Des coalitions de gouvernement sans l’AfD seront bien possibles même si elles exigent un grand écart en particulier de la CDU, premier parti en Saxe (31,9%) et deuxième en Thuringe (23,6%), puisqu’elle devra certainement se résoudre à constituer des coalitions impliquant le BSW (Bündnis Sahra Wagenknecht), conduit par l’ancienne leader de la plateforme marxiste au sein de Die Linke. Le BSW est un nouveau parti radical-populiste de gauche né sur les cendres de Die Linke. Quelques mois après sa fondation seulement, le BSW atteint 11,8% en Saxe et 15,8% en Thuringe et apparaît comme le grand vainqueur de ces élections.

Alors que Die Linke, parti de gauche de gouvernement, disposait du ministre-président sortant Bodo Ramelow (à 31% aux précédentes élections) qui en fait a mené une politique social-démocrate sur des questions comme la transition écologique et refusé l’option populiste par exemple sur l’Ukraine, le BSW s’est engouffré dans la brèche en faisant campagne sur “la paix” (sujet hors des compétences des Länders), le refus du Green Deal, l’immigration… Sur le fond, les positions entre le BSW et l’AfD ne semblent en fait pas toujours très éloignées.
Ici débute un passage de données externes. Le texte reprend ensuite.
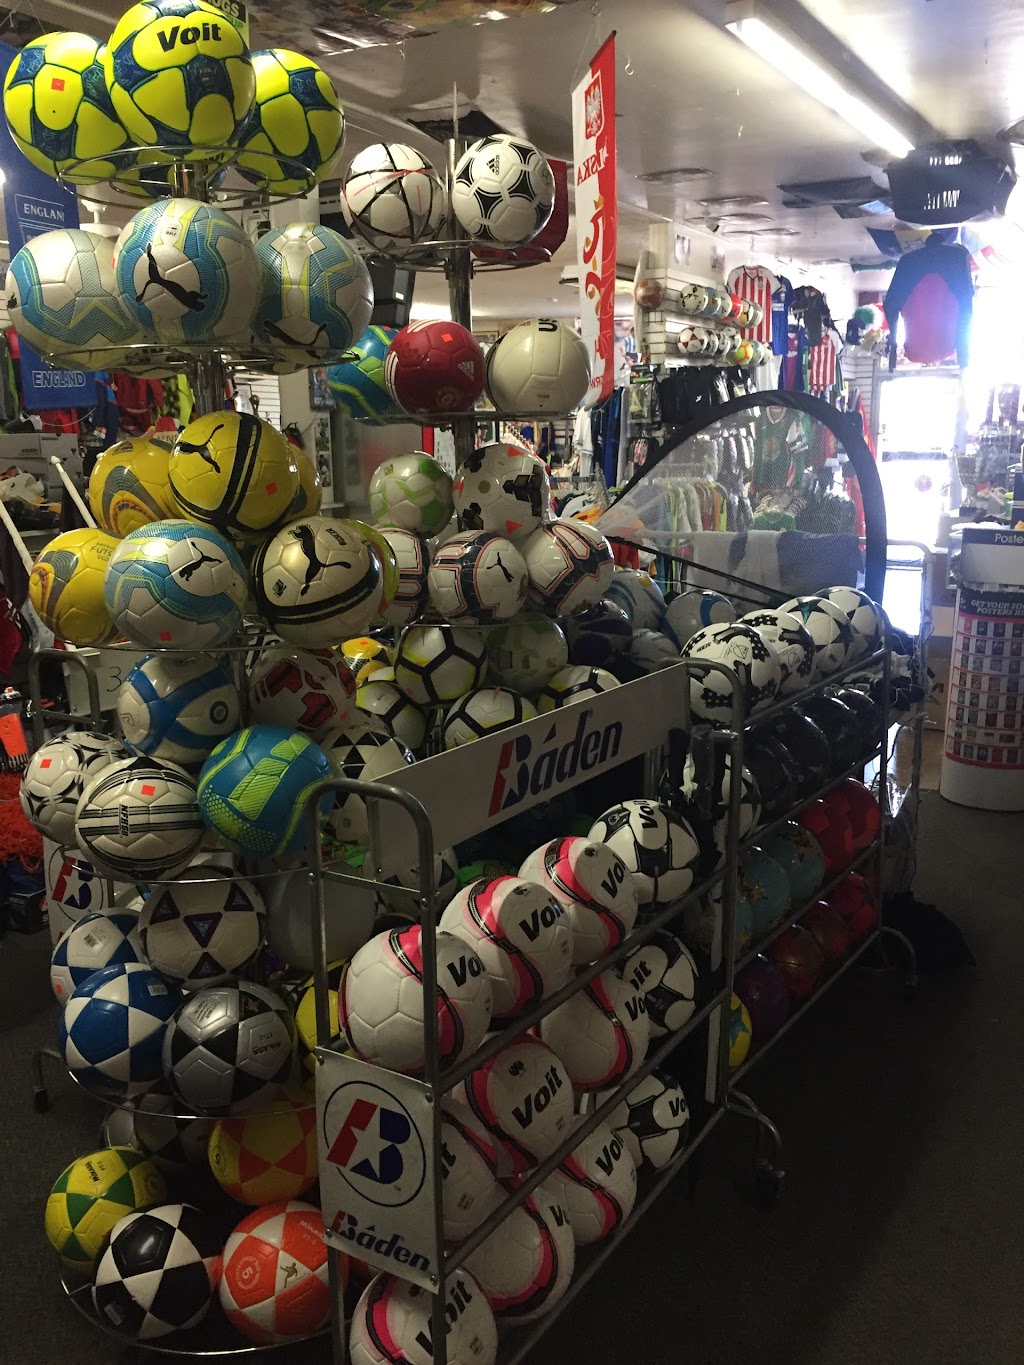 Deportes America Soccer Shop | 2822 N 16th St, Phoenix, AZ 85006 | Phone: (602) 241-1980

Le résultat de cette convergence est un effondrement massif de Die Linke qui perd 18% en Thuringe et qui n’entre que de justesse dans le parlement régional de Saxe.
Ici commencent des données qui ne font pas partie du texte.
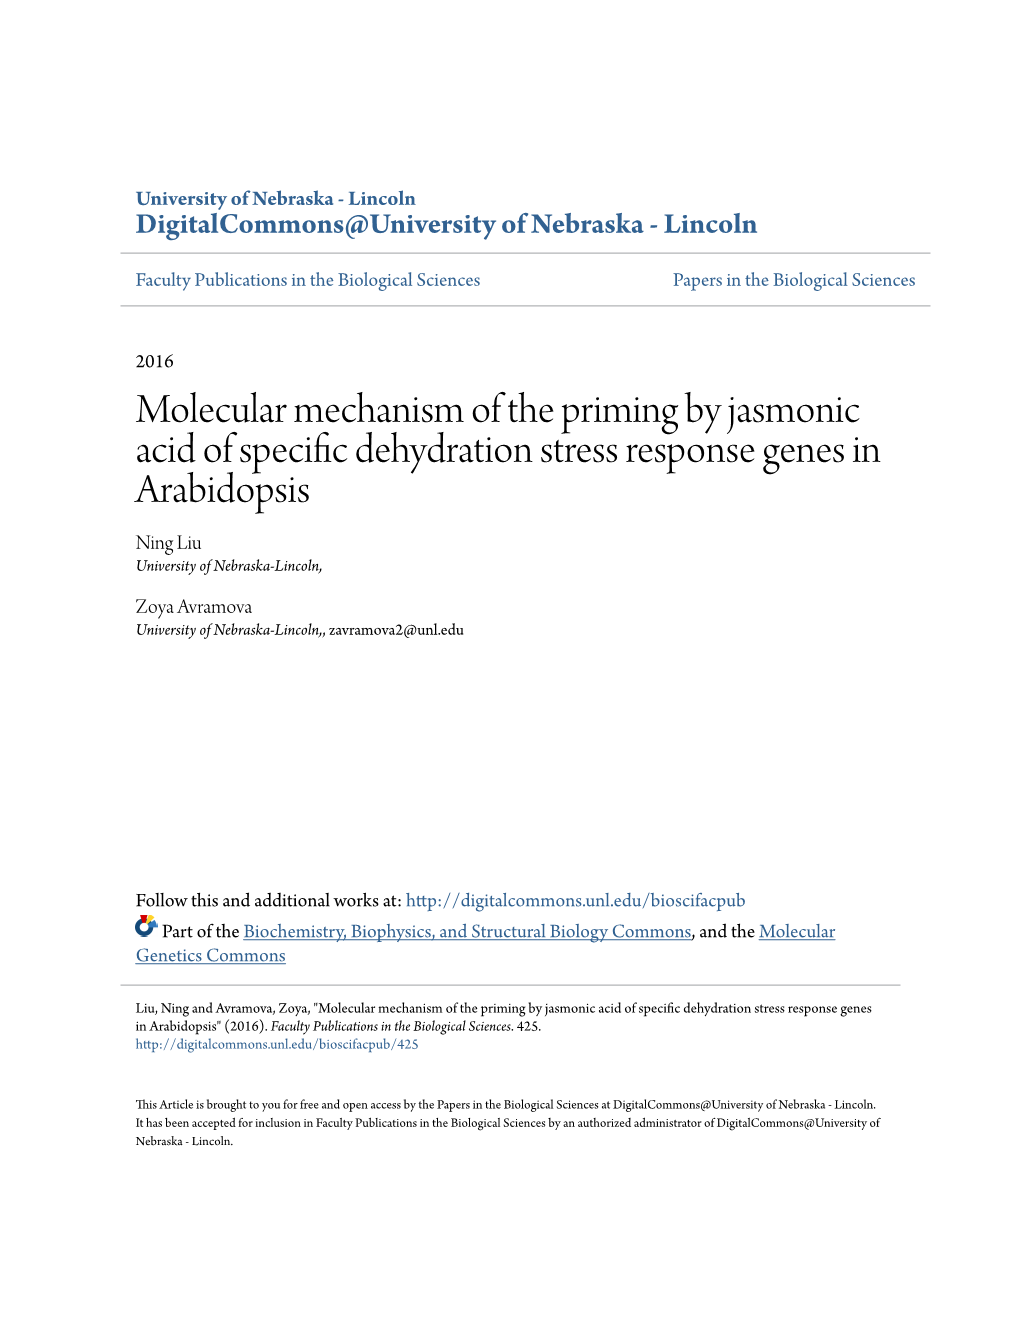 Molecular Mechanism of the Priming by Jasmonic Acid of Specific Dehydration Stress Response Genes in Arabidopsis Ning Liu University of Nebraska-Lincoln

Ces deux élections régionales constituent évidemment aussi un revers cuisant pour la coalition gouvernementale à Berlin. Si le SPD maintient à peu près ses positions même si à un niveau faible en Saxe (7,3%) et ne perd « que » 2% en Thuringe, les Verts ne parviennent à se maintenir au-dessus de la barre des 5% en Saxe et sont éliminés en Saxe, tout comme la FDP, éliminée sans appel dans les deux Länders. Difficile dans ce contexte de revenir aux affaires courantes à Berlin. Mais le camouflet pour le gouvernement fédéral n’explique pas tout puisque l’AfD atteignait déjà 30% en Saxe en 2019 alors que la coalition tricolore n’était même pas encore au pouvoir.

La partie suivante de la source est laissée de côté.